Date of Award

5-2004

Level of Access Assigned by Author

Campus-Only Thesis

Degree Name

Master of Science (MS)

Department

Ecology and Environmental Sciences

Advisor

George L. Jacobson

Second Committee Member

Ann Dieffenbacher-Krall

Third Committee Member

Les C. Cwyner

Abstract

Evidence from studies conducted in the Northeast Region, comprised of the northeastern United States and the Maritime Provinces of Canada, indicate that, following deglaciation, a period of warming was punctuated by one or more minor cold events before the drastic cooling of the Younger Dryas chronozone (10,800-10,000 14C BP). One such cold event, the Killamey Oscillation (11,200-10,900 14C BP), is well known from Atlantic Canada, but evidence for it in Maine is tentative. Loss-on-ignition data and paleotemperature reconstructions based on chironomid analysis are used here to construct late-glacial climate profiles for Pennington Pond and Whited Lake, both in Aroostook County, Maine. The data from this study, and from other published results, are used to present a more comprehensive understanding of the late-glacial period in Maine and the Northeast Region. Sediment cores from Pennington Pond and Whited Lake were sampled and processed for chironomid head capsules, percent organic content, and AMS 14C dates. A weighted-averaging transfer function based on chironomid assemblages in a modern data set was used to reconstruct mean July surface-water temperatures for each sample. Pennington Pond and, to a lesser extent, Whited Lake exhibit late-glacial climate profiles that closely resemble those recorded from other study sites in the region, and the AMS 14C dates for Pennington Pond and Whited Lake indicate that the cold events of the late glacial period occurred synchronously throughout the region.
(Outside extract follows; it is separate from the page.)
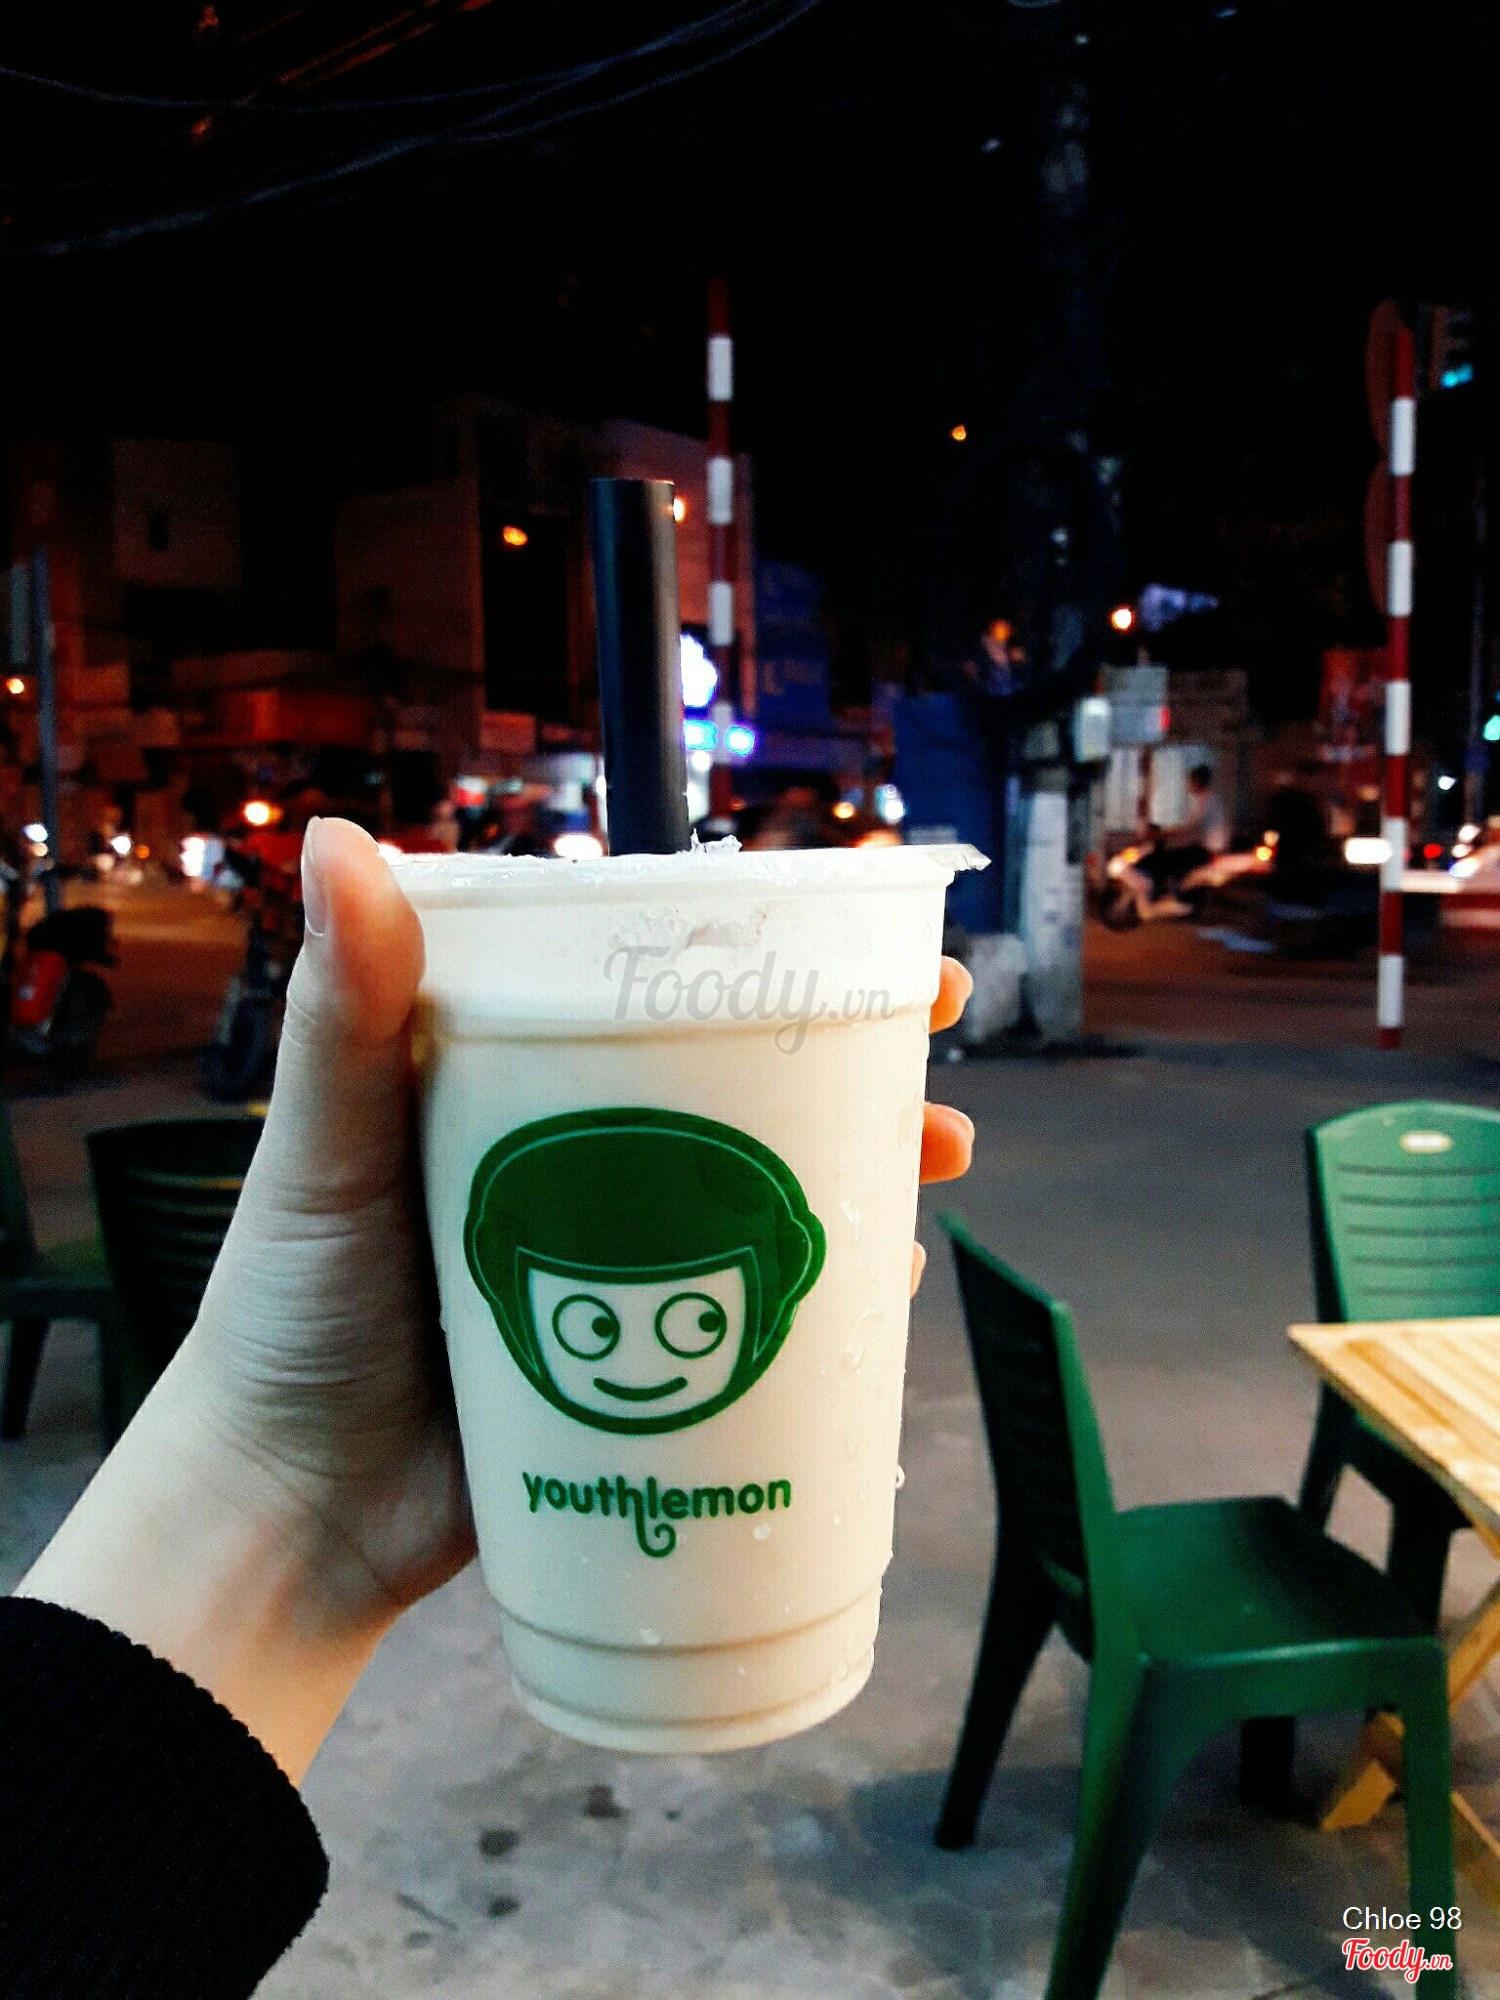 Youth Lemon - Trà Sữa & Đồ Uống Trái Cây ở Quận Lê Chân, Hải Phòng

The loss-on-ignition data at Pennington Pond indicate a reduction in sediment organic content associated with the Killarney Oscillation, but the chironomid data are inconclusive. No evidence for the Killarney Oscillation was detected at Whited Lake. The consistent presence of littoral chironomid taxa and sporadic appearance of cold-adapted types between ~11,400 to 11,000 AMS 14C years BP may be indicative of a cooler, but dry, period. Limnological factors may be overriding climate signals during this part of the late-glacial period.